Materials and Methods:
We performed a detailed analysis of global longitudinal strain and correlation with cardiac MRI finding in 9 patients diagnosed with Fabry disease.
Results:
Despite normal left ventricular ejection fraction, basal and mid inferior segments are more likely to demonstrate strain abnormalities compared to other regions. Additionally, increased interventricular septal and left ventricular posterior wall thickness are correlated with greater strain abnormalities. Finally, MRI evidence of fibrosis and infiltration are detected among most patients with strain abnormalities, but in some cases, strain imaging were able to detect early evidence of cardiomyopathy even before MRI was fully able to detect the change. Basal and mid inferoseptal segment strain abnormalities are early signs of developing cardiomyopathy among patients with Fabry disease.
Conclusion:
Though cardiac MRIs are critical tools for detection of myocardial infiltration and scarring, these findings may not always be detectable in early phases of the disease.
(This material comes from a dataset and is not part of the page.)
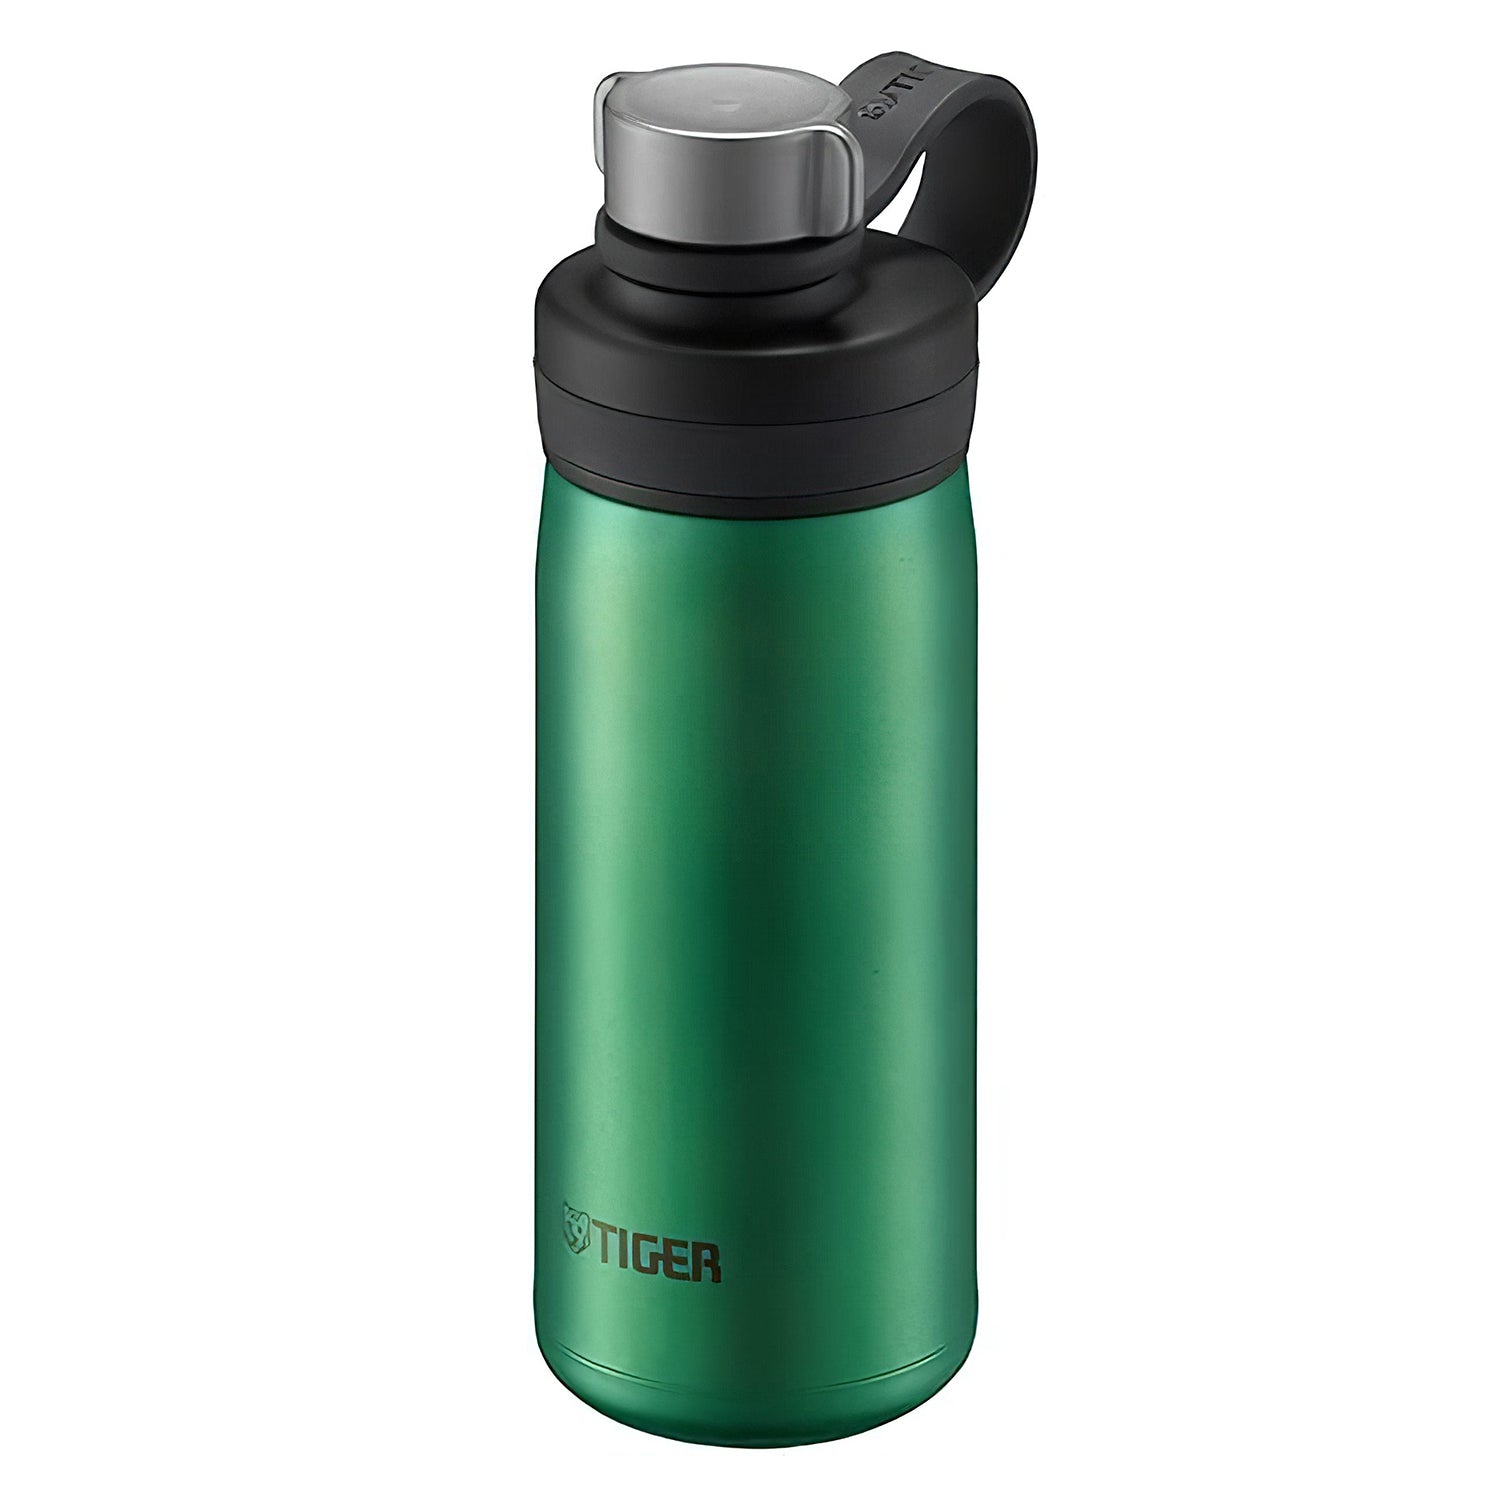 https://cdn.shopify.com/s/files/1/1610/3863/products/TigerStainlessSteelWaterBottleMTA-T050_2_1600x.jpg?v=1656983088

Multiple imaging modalities maybe considered in monitoring and evaluation of cardiomyopathy in Fabry disease.
Keywords: Cardiac magnetic resonance imaging, echocardiogram, fabry disease, global longitudinal strain, regional strain
INTRODUCTION
Cardiovascular (CV) disease is the most common cause of death among patients with Fabry disease, responsible for death in 34% in male and 57% in female patients.[1] Fabry disease, an X-linked lysosomal storage disease, carries various CV complications including left ventricular (LV) hypertrophy, conduction abnormalities, coronary artery disease, mitral and aortic valve regurgitation, and aortic root dilation.[2] They are associated with significant CV morbidity and mortality, mainly due to increased risk for heart failure and sudden cardiac death.[3] CV imaging studies have shown early manifestation of LV dysfunction based on strain rate imaging with reduction in contractility in longitudinal followed by radial dimensions.[4] For this reason, strain rate imaging is critical for early detection of ventricular contractility impairment that may be overlooked by reliance on ejection fraction alone.[5] However, studies on strain pattern in Fabry patients are limited. Despite the significant mortality associated with CV dysfunction, our understanding of this disease process and its early cardiac effects are poorly understood. Furthermore, early diagnosis of Fabry-associated cardiomyopathy may prevent and delay its progression to more severe, irreversible conditions. For this reason, we investigated echocardiogram global longitudinal strain (GLS) and regional strain patterns among patients with Fabry disease and furthermore evaluated their correlations with cardiac magnetic resonance imaging (MRI) findings.
MATERIALS AND METHODS
Study patients
The study comprised nine adult patients diagnosed with Fabry disease through genetic testing. All of the patients have been diagnosed with Fabry disease for at least 5 years. Informed consent was obtained from all patients in the use of their medical records. During the office visits, clinical information was collected including demographic data, cardiac medical history, body mass index, cardiac MRI, standard echocardiogram information, GLS, and regional strain patterns. Cardiac MRI was obtained near the time of the echocardiogram used for analysis. The study was approved by the local institutional review board and conducted in accordance with the Declaration of Helsinki.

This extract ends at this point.